You think you can get what you want from us men, then fucking leave us to pick up the pieces.’

  ‘She didn’t steal anything from you. She gave you two beautiful little boys and you punished her for wanting to protect them.’

  ‘I would never have hurt them,’ he says, closing in on me.

  ‘But you did.’

  I don’t consider the consequences.

  I barge past him, surprised he doesn’t try to stop me, and run down the hall into the morning room.

  I tug out the key to the gun cabinet from the box inside the mahogany desk drawer.

  ‘Excellent,’ says Garrett, from the doorway.

  I open the framed glass door, withdraw the middle rifle, which I know is the only air gun that’s loaded, and aim it to fire like Humphrey did when he was about to press the trigger. Except this isn’t clay pigeon shooting. I zone in on Garrett, point the barrel at him, and prepare to strike.

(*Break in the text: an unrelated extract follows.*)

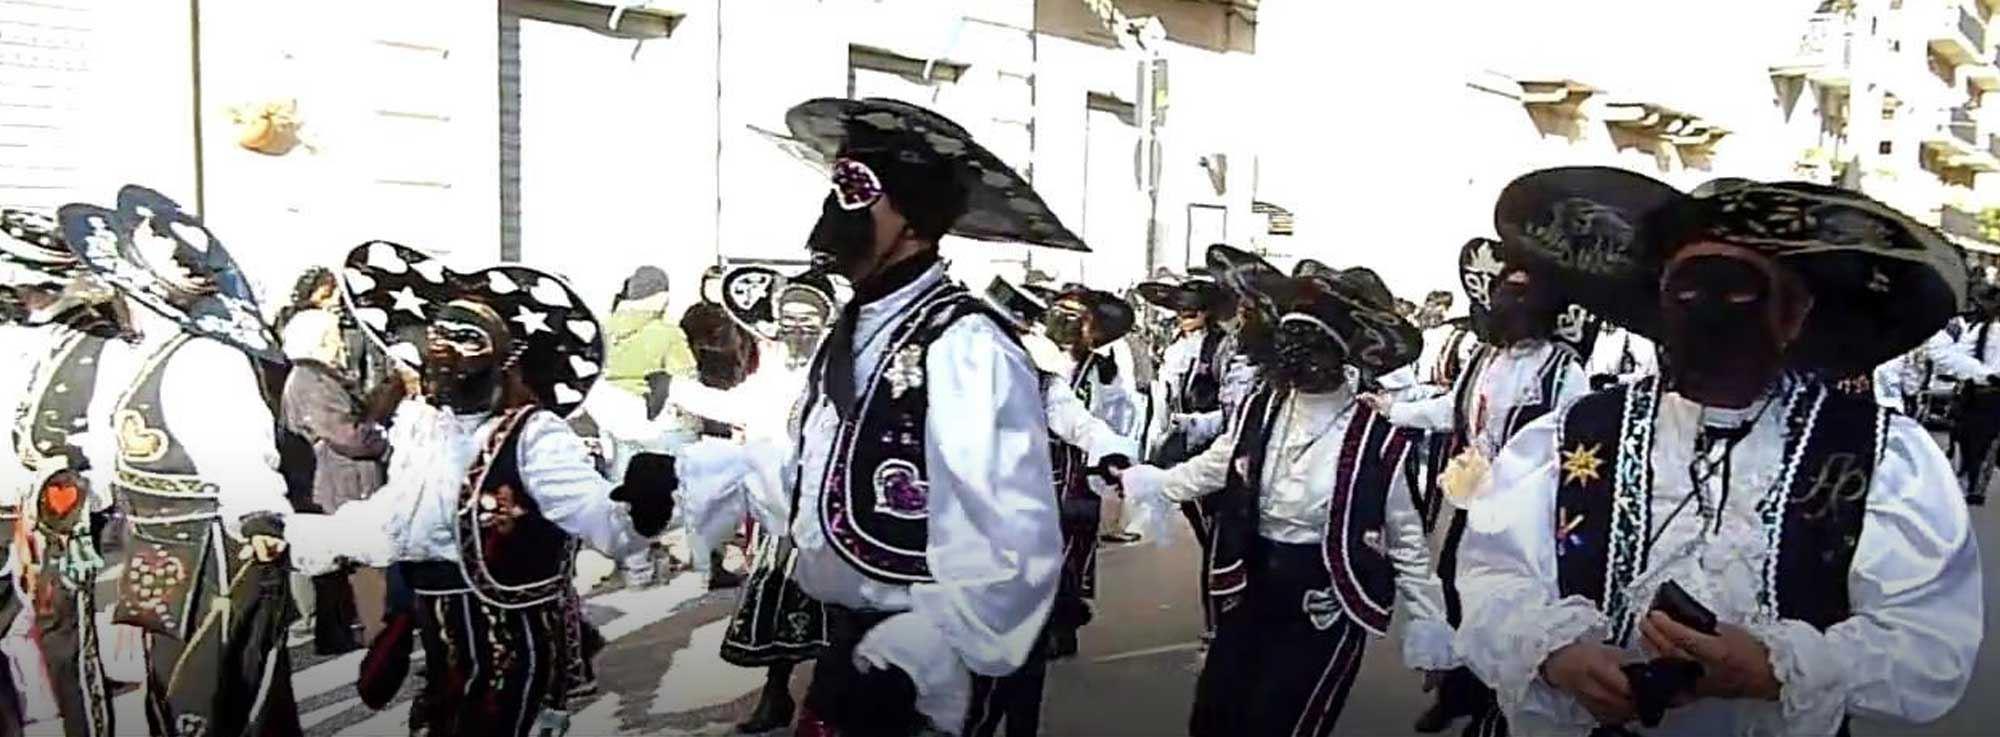 Corato: Carnevale Coratino 2017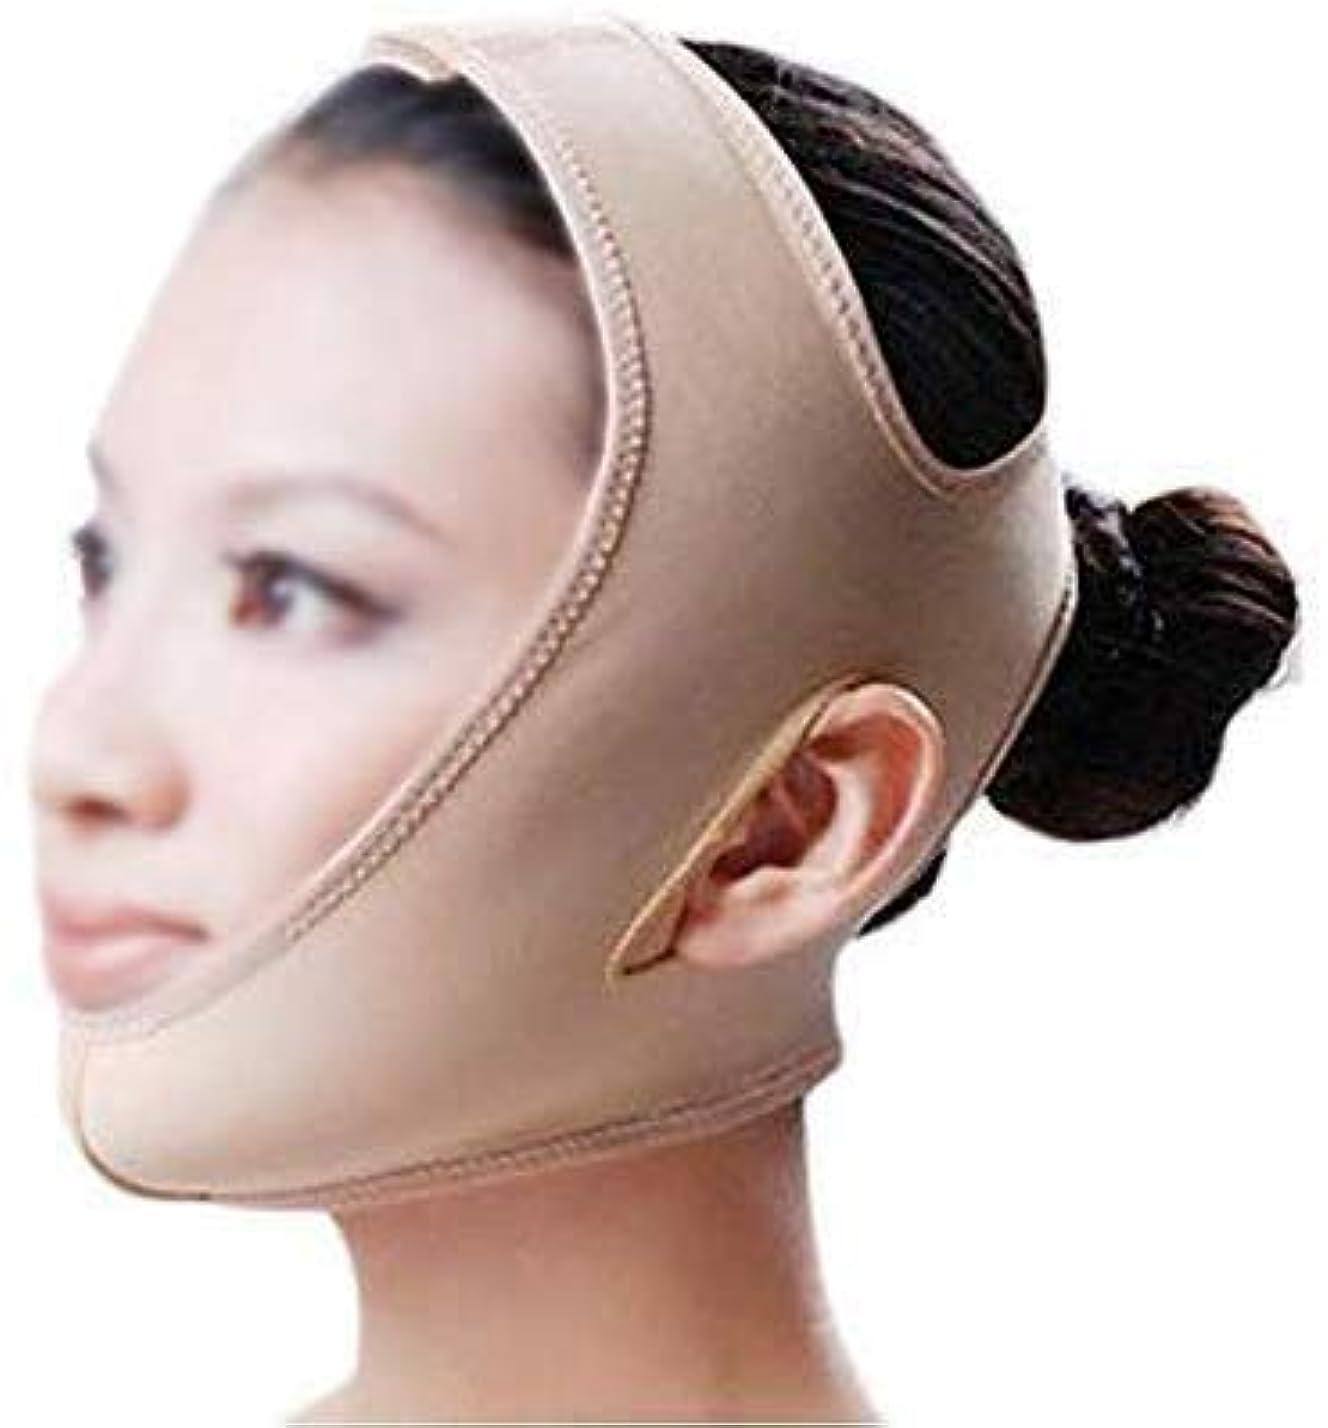 鍔意味する上に築きますスリミングVフェイスマスク、Vフェイススリムバンデージスキンケアリフトリデュースダブルチンフェイスマスクシンニングベルト(サイズ:Xl)

  Then comes the sound of wheels on gravel, a car door slamming, footsteps crunching across the stones, voices: one male, one female, drawing my attention to the bay window.

  I keep the gun trained on Garrett to investigate who is talking through a slat between the curtains.

  The blood in my veins cools instantly. DI Locke and DS Jones are walking towards the front door. Behind their parked unmarked car is the glossy Jag I saw in Snowdonia I now know was being driven by Garrett. And a little further back Derek’s black Range Rover.

  I forgot Kim said Derek was going to return the spare key.

  The knocking on the front door is so hard I can hear the rattle of the old oak vibrating the wooden waggon wheel rested against the side of the porch.

  ‘Go on,’ says Garrett, edging closer. ‘Do it. Shoot me.’

  That’s what he wants.

  Whoever it is that’s responsible knocks again, louder this time.

  ‘Hit me in the stomach, the chest, anywhere. Prove yourself the psycho they think you are.’

  Impatient, and having obtained the key from Derek, one of the detectives presses it into the lock and pushes the front door open.